In this study, most of the quantitative and time parameter values showed statistically significant differences according to the different qualitative grades assigned during the VFSS, including the oral transit time, swallowing reaction time in the pharyngeal phase, soft palate lift duration, hyoid movement duration, pharyngeal cavity transit time, and LVC duration. However, the UES opening duration poorly reflected the degree of cricopharyngeal muscle opening, which is consistent with the UES opening diameter results.
All quantitative values were measured or calculated built-in software tools and formulas, reflecting a portion of the time sequence and interval during the swallowing process. A factor analysis for dimensionality reduction of the 12 quantitative variables was conducted, and the results suggested that the quantitative items were relatively independent. The five principal components selected barely represented all of the quantitative values; that is, the measurements of the 12 quantitative variables could still adequately describe the entire swallowing process. The results of this study also show that there is a certain positive correlation between the quantitative total value and the qualitative total value, which means quantitative results can reveale that the highest correlation and a high sensitivity with qualitative results. However, since the types and definitions of the parameters used by various institutions are not yet unified, this study suggests that in the future selection of quantitative parameters of VFSS, studies should continue to optimize the existing parameters and attempt to screen out and standardize effective and comprehensive parameters to fully describe the swallowing process. This could help promote their use in clinical settings to better evaluate the effects on patients before and after treatment or the differences between patients.
This study has the following limitations: 1) the types of patients with dysphagia selected in the study was relatively limited, the patients with PD were in phase 1–2, and the existing dysphagia was relatively mild, and the representativeness of the sample was relatively weak, so further research must be conducted in the future with an improved design; 2) the type of food balls selected was relatively fixed, which could have had a certain impact on the results; 3) the sample size needs to be further expanded; 4) during video acquisition, due to the patients’ conditions, the body position, head control, and degree of cooperation could have been impacted, among other factors, which could have affected the clarity of imaging of various anatomical components, resulting in difficulties and errors in the qualitative analysis; 5) when obtaining various quantitative results, semi-automatic methodologies may lead to some measurement errors due to deviations of the measurer's understanding of the measurement technique, and the workload of the data acquisition process is large with many steps, so fatigue could have led to some measurement errors; 6) considering the imaging factors, the radiation amplification effect could give the impression that the distance between two points on the image is larger than the actual value, and the radial distortion of the ray could stretch the length of the structure around the image. Radiation amplification and radial distortion of the rays may have affected the accuracy of the analysis.

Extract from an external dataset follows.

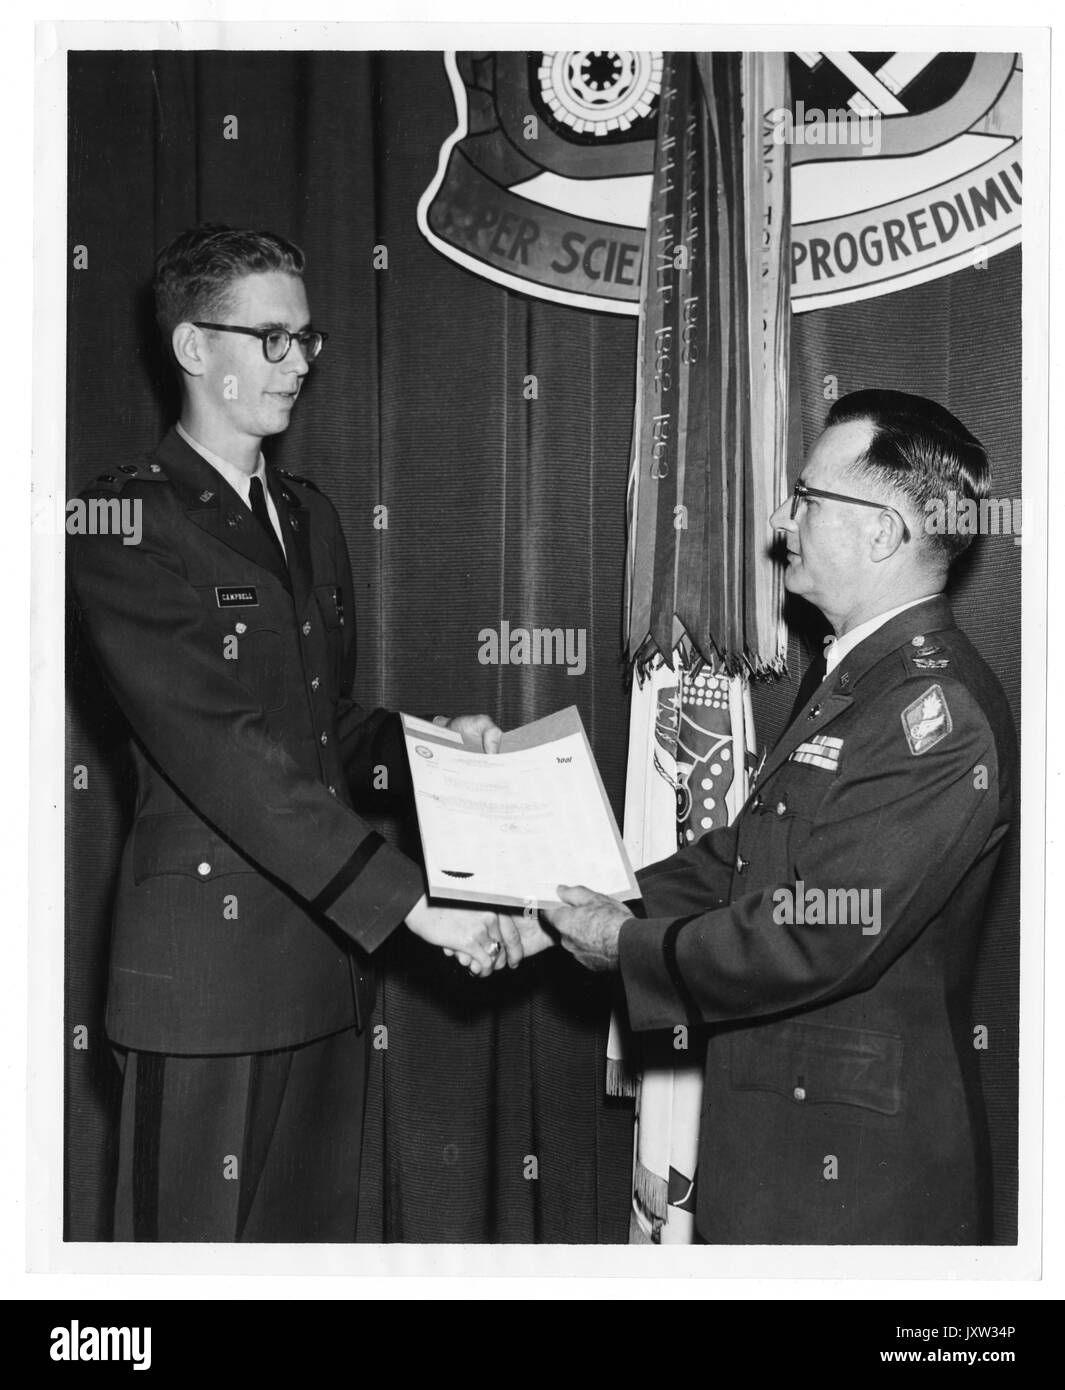 Swain Bruce Campbell, ehrliche Fotografie, Campbell (links) erhält Auszeichnung von Oberst James troth, 1961. Stockfoto

The extraction of the most effective and valuable information from dysphagia angiography and the objective comparison of the levels of functionality within-patients before and after treatment, as well as between patients, can fully meet the comprehensive needs of scientific research, stimulate more innovative research, and generate ideas and references for the evaluation and follow-up treatment of dysphagia. The quantitative results based on pathological samples collected from a wide range of individuals with multiple diseases should be used for evaluation, and future studies should assess other valuable parameters and improve those with poor reliability, validity, and matching. In the future, with progress in science and technology and further deepening of research in this field, fully automated quantitative analysis of VFSS data could become possible, improving the effectiveness of swallowing assessments and reducing the burden on clinical workers.